Sequence extraction

08-05-2015

Registered User

35, 0

Join Date: Aug 2015

Last Activity: 13 November 2015, 4:12 AM EST

Posts: 35

Thanks Given: 0

Thanked 0 Times in 0 Posts

Sequence extraction

i want to extract specific region of interest from big file. i have only start position, end position and seq id, see my query is:

I have file1 is this

Code:

>GL3482.1
GAACTTGAGATCCGGGGA
GCAGTGGATCTCCACCAG
CGGCCAGAACTGGTGCAC
CTCCAGGCCAGCCTCGTC
CTGCGTGTC
>GL3550.1
GGCATTTTTGTGTAATTTTTGGCTGGATGAGGT
GACATTTTCATTACTACCATTTTGGAGTACA
>GL3472.1
TTTTCCTGTTCACTGCTGCTTTTCTATAGACAGCA
GCAGCAAGCAGTAAGAGAAAGTA

file2 is this :

Code:

seq id     start    end
GL3482.1   323100   323743
GL3550.1   41911    40888
GL3472.1   274408   272617

and i want result like this:

Code:

>GL3482.1 
TTGAGA
>GL3550.1 
GGCATTTTTGTG
>GL3472.1
TTCCTGTT

when i run this command :

Code:

$ awk 'NR==FNR{if($0~/^>/){i=substr($0,2);getline};a[i]=a[i] $0;next}{print ">" $1 ORS substr(a[$1], $2, $3-$2+1)}' file1 FS=\\t file2

i got no output or output file. why so?

Moderator's Comments:

Please use CODE tags as required by the forum rules you agreed to when you joined this forum.
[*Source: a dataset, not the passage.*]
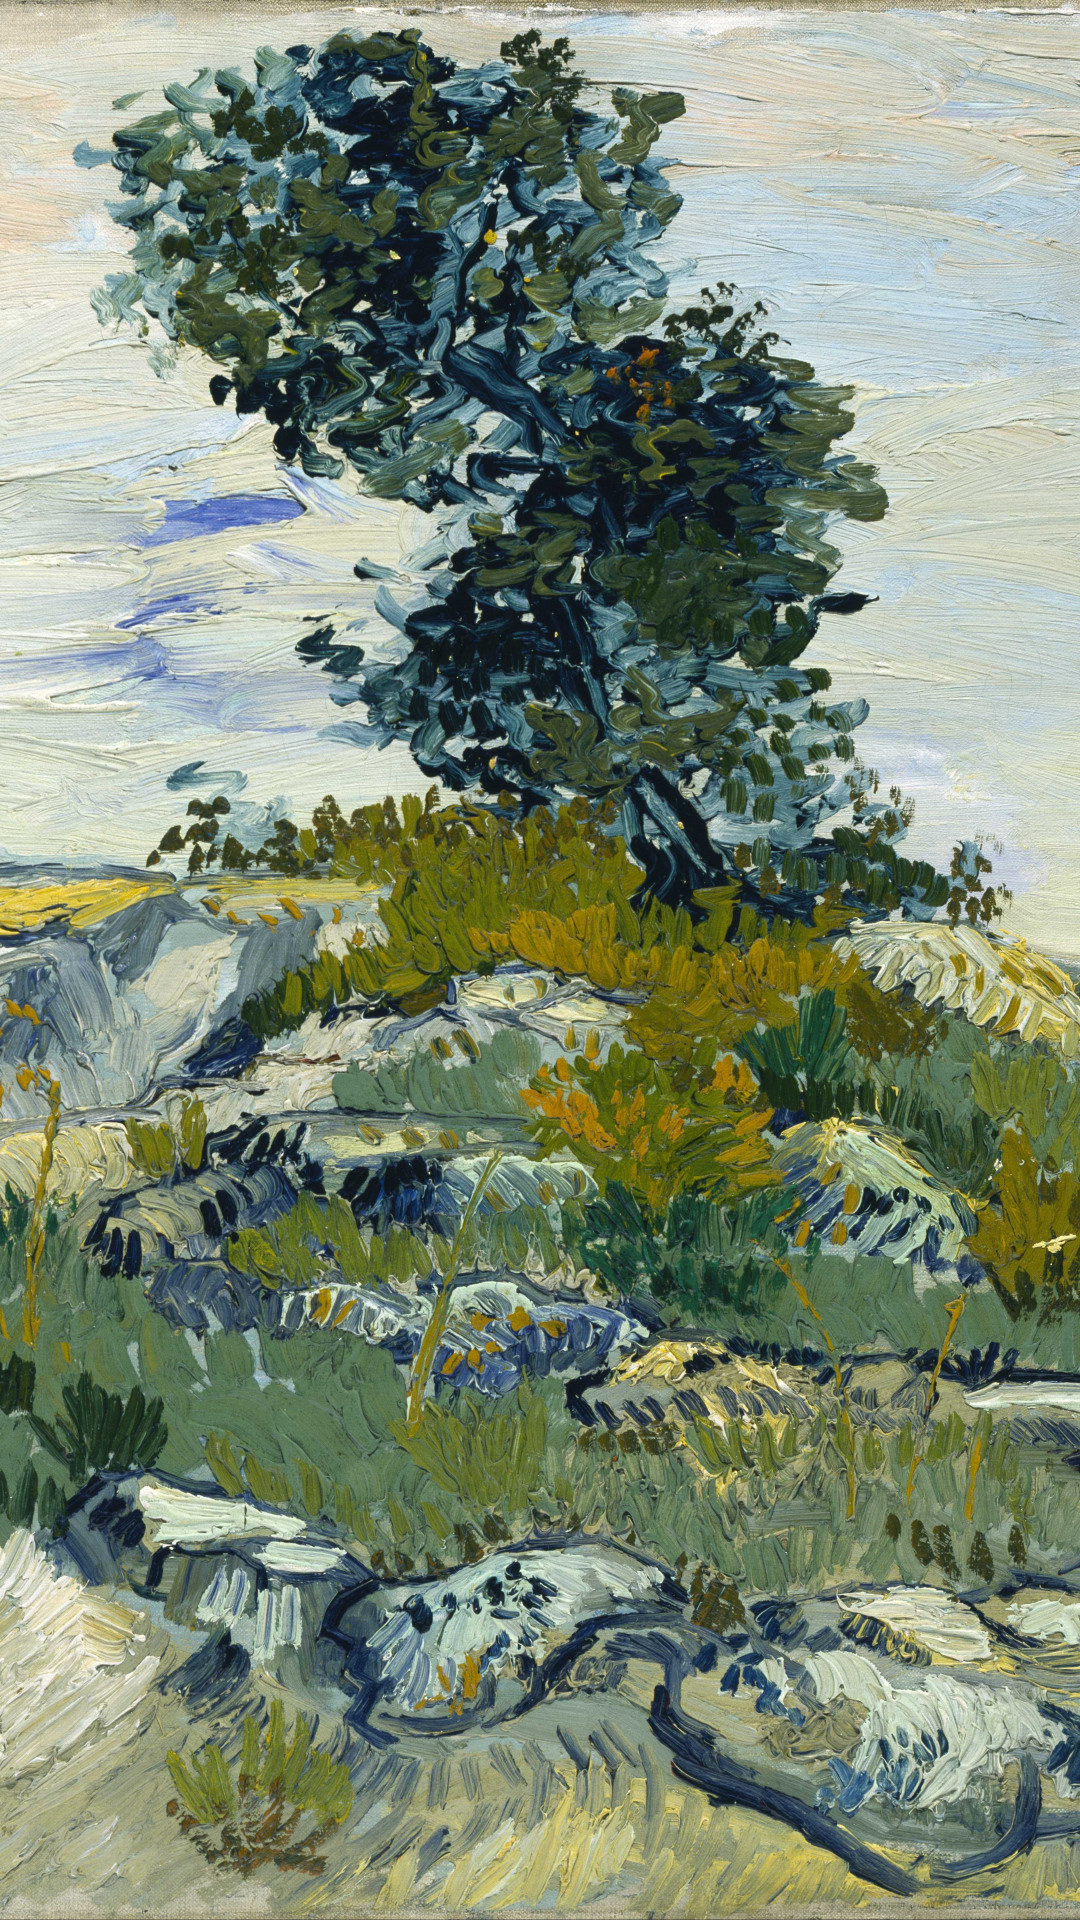 Van Gogh Desktop Wallpaper 51 Images
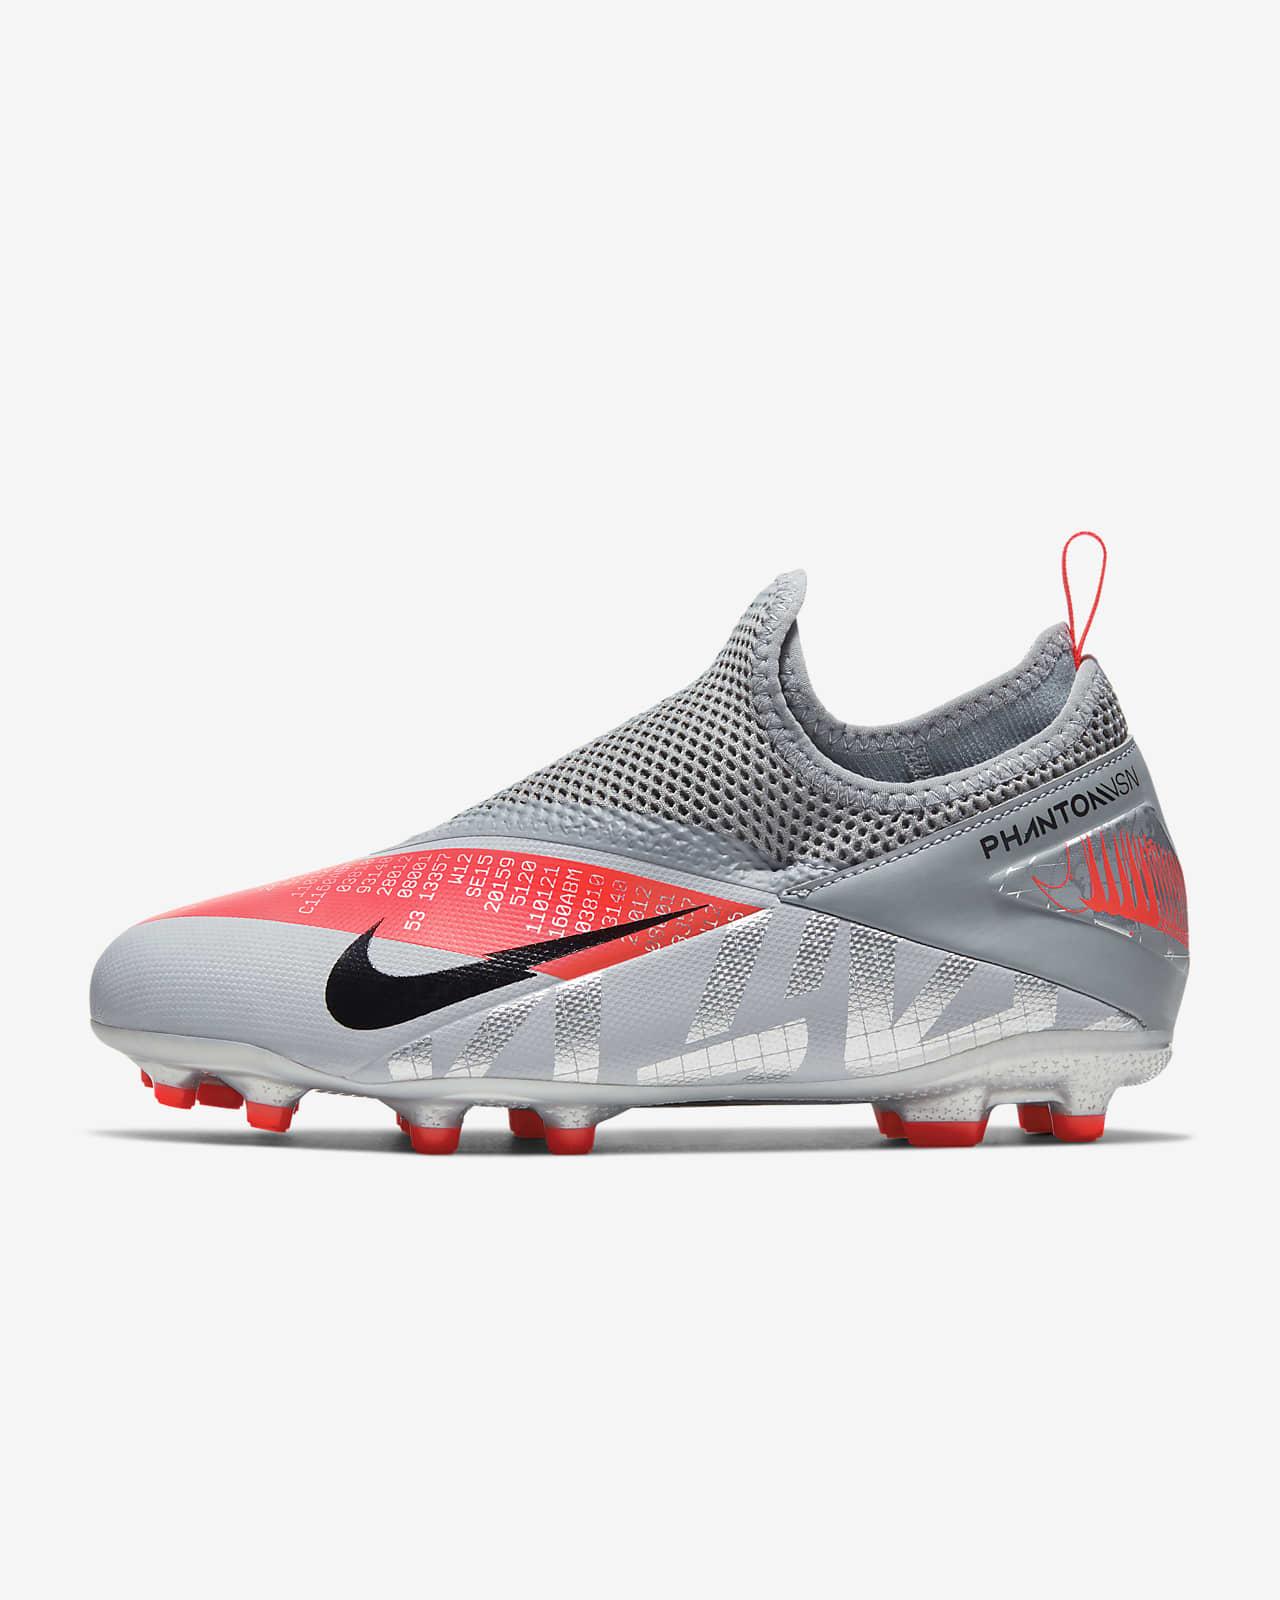 Tubería resbalón Contrapartida  Nike Jr. Phantom Vision 2 Academy Dynamic Fit MG Younger/Older Kids'  Multi-Ground Football Boot. Nike SA

---------- Post updated at 01:28 AM ---------- Previous update was at 01:21 AM ----------

i am using Ubuntu OS

Last edited by Scrutinizer; 08-05-2015 at 04:07 AM.. Reason: Add CODE tags, remove extraneous closing COLOR tag. Removed spurious space and a newline from first sample file

harpreetmanku04

View Public Profile for harpreetmanku04

Find all posts by harpreetmanku04

08-05-2015

Moderator

12,296, 3,792

Join Date: Nov 2008

Last Activity: 1 January 2021, 1:47 AM EST

Location: Amsterdam

Posts: 12,296

Thanks Given: 679

Thanked 3,792 Times in 3,282 Posts

Maybe because FS is set to '\t' and there appear to be no TABs in your second sample file, so the fields will not match. And you are setting the index to the entire record, save the first character. which is probably not what you want (you probably meant to use $1 here, but that would not be a sure way to do it either, because in the FASTA format the identifier is allowed to contain spaces). And the FASTA file is word wrapped, so you need to take out the newlines and not use getline to get only the second line ....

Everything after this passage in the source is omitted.